10.66.10.09 hub.xxx.xxx.com

 

关闭防火墙

systemctl stop firewalld && systemctl disable firewalld

 

关闭selinux

编辑/etc/selinux/config文件,将SELINUX=enforcing改为SELINUX=disabled;或 执行 setenforce 0

 

关闭swap 

echo "swapoff -a" >> /etc/rc.local

修改/etc/sysctl.conf文件

sed -i '/ip_forward/ s/0/1/g' /etc/sysctl.conf
sed -i '/tables/ s/0/1/g' /etc/sysctl.conf

 

3.相关组件配置(所有节点)

安装docker

docker版本 17.06.2-ce (部署过程略过)

Yum安装即可

 

添加kubernetes-yum源

执行

cat <<EOF > /etc/yum.repos.d/kubernetes.repo
[kubernetes]
name=Kubernetes
baseurl=http://mirrors.cloud.aliyuncs.com/kubernetes/yum/repos/kubernetes-el7-x86_64
enabled=1
gpgcheck=0
repo_gpgcheck=0
gpgkey=http://mirrors.cloud.aliyuncs.com/kubernetes/yum/doc/yum-key.gpg
http://mirrors.cloud.aliyuncs.com/kubernetes/yum/doc/rpm-package-key.gpg
EOF

安装kubernetes部署组件

yum install kubeadm-1.10.5-0 kubectl-1.10.5 kubelet-1.10.5 kubernetes-cni socat -y

 

修改kubelet的配置文件

vim /etc/systemd/system/kubelet.service.d/10-kubeadm.conf

添加KUBELET_SYSTEM_PODS_ARGS的配置参数 --pod-infra-container-image=hub.xxx.xxx.com/library/pause-amd64:3.1  (若没有私有仓库,不添加)
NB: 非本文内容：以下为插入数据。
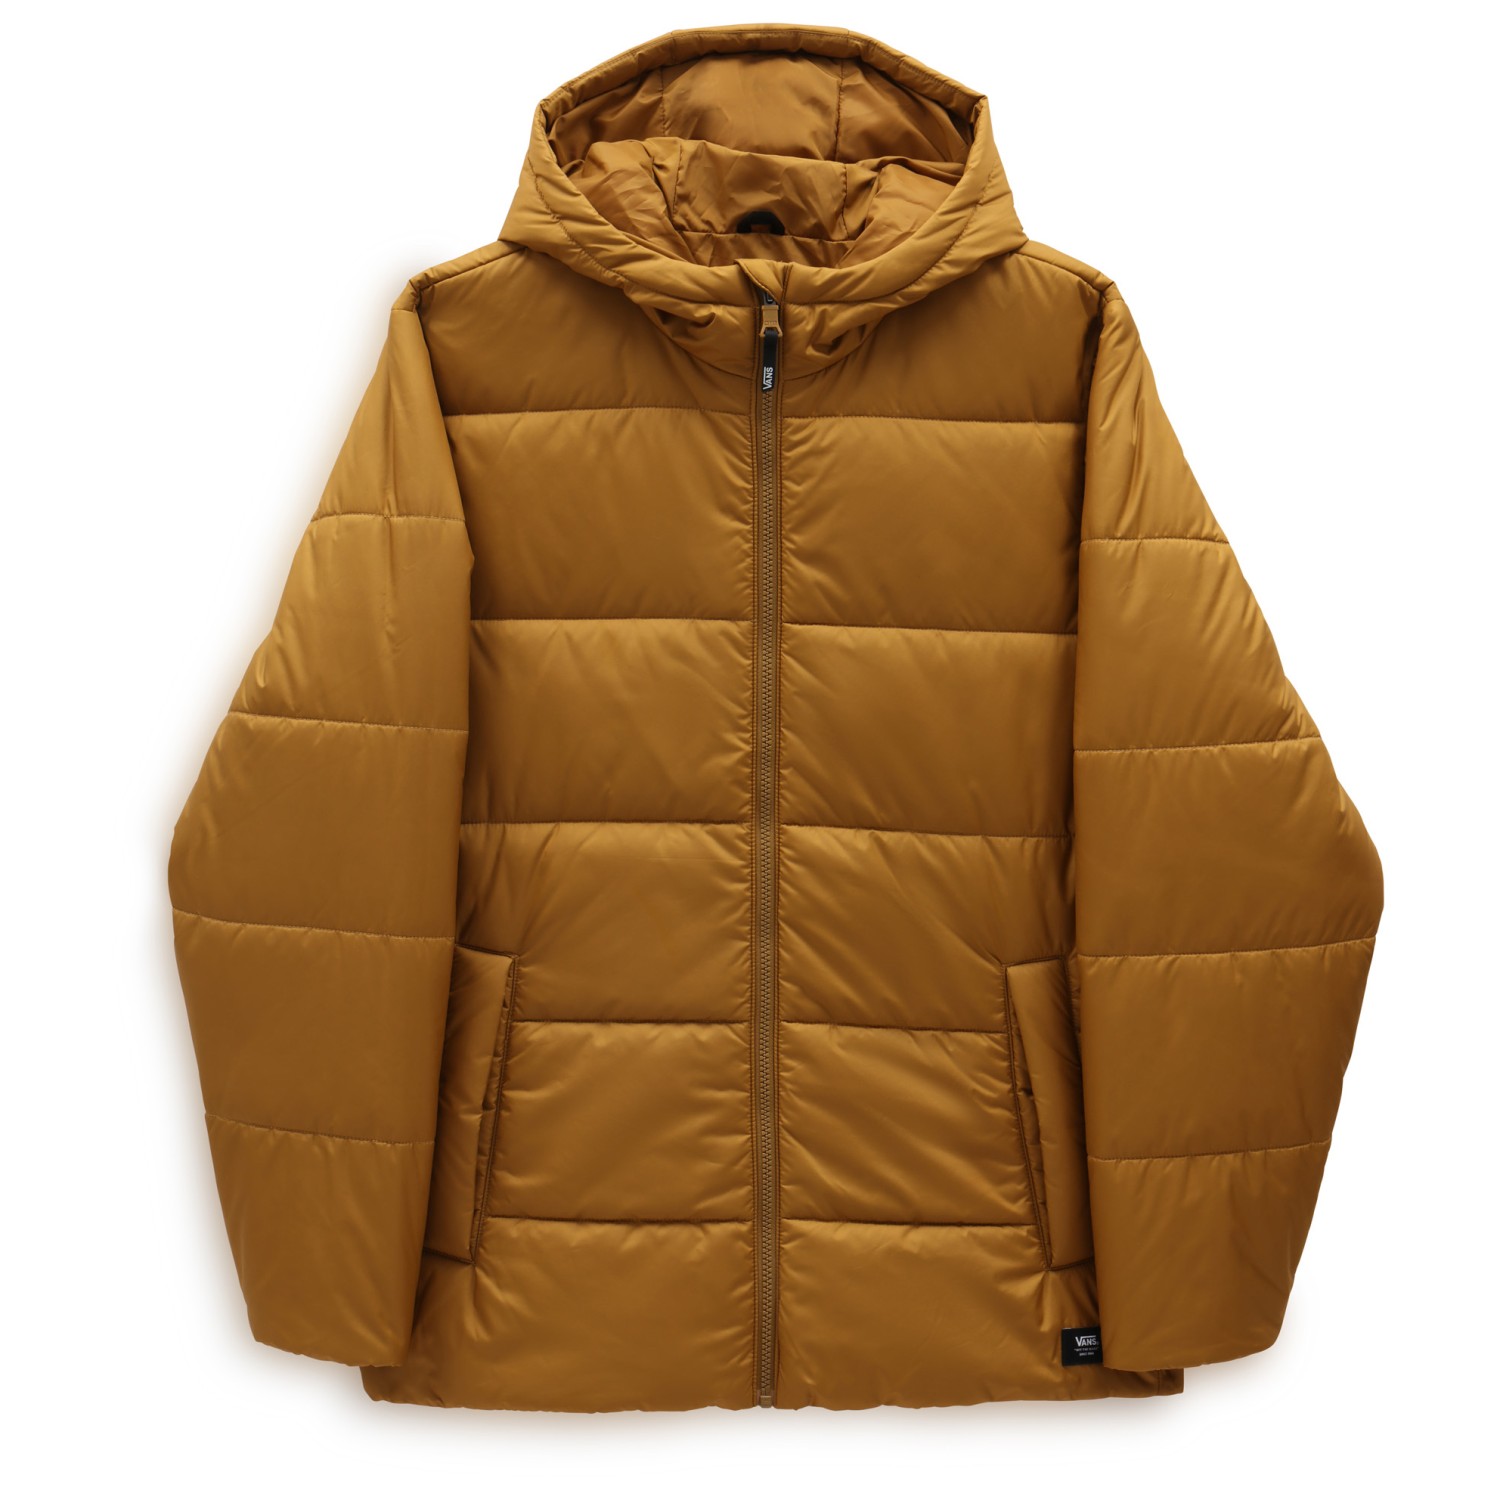 Повседневная куртка Vans Norris MTE 1 Puffer, цвет Golden Brown куртка vans prospect mte 1 puffer jacket цвет oatmeal dress blues

核对KUBELET_CGROUP_ARGS的配置参数--cgroup-driver的信息,该参数默认是systemd;核对是否与docker 中的信息一致(执行 docker info | grep Cgroup 查看),如果不一致,需修改为 --cgroup-driver=cgroupfs

添加--authorization-token-webhook,该配置用于之后的prometheus的服务启动认证

添加--enable-controller-attach-detach=false,该配置用于阿里云上的oss插件flexvolume

上图为修改后

执行

systemctl daemon-reload && systemctl enable kubelet && systemctl start kubelet

 

4.部署ETCD集群(所有master节点)

etcd安装这里以yum安装为例 : 执行 yum install etcd -y

制作etcd证书,这里以cfssl为例:

执行以下操作

cd /usr/local/bin

wget -O cfssl https://pkg.cfssl.org/R1.2/cfssl_linux-amd64
wget -O cfssljson https://pkg.cfssl.org/R1.2/cfssljson_linux-amd64
wget -O cfssl-certinfo https://pkg.cfssl.org/R1.2/cfssl-certinfo_linux-amd64

chmod +x /usr/local/bin/cfssl*

接下来就能使用cfssl命令制作证书;

mkdir  /data/ssl

cd /data/ssl

cfssl print-defaults config > ca-config.json
cfssl print-defaults csr > ca-csr.json

 

编辑 ca-config.json 如下   可按照需要修改过期时限

编辑ca-csr.json  如下

 

执行

cfssl gencert -initca ca-csr.json | cfssljson -bare ca

编辑 kubernetes-csr.json 如下

备注:上图截图中的内容为示例,hosts内容并非该集群的信息

执行

cfssl gencert -ca=ca.pem -ca-key=ca-key.pem -config=ca-config.json -profile=kubernetes kubernetes-csr.json | cfssljson -bare kubernetes

至此,证书生成完毕;在其余etcd节点上新建/data/ssl目录,将该文件下的*.pem拷贝至其余的master的/data/ssl目录下;

 

编辑 /etc/etcd/etcd.conf 如下

ETCD_DATA_DIR="/data/apps/etcd"
ETCD_LISTEN_PEER_URLS="https://10.66.10.11:2380"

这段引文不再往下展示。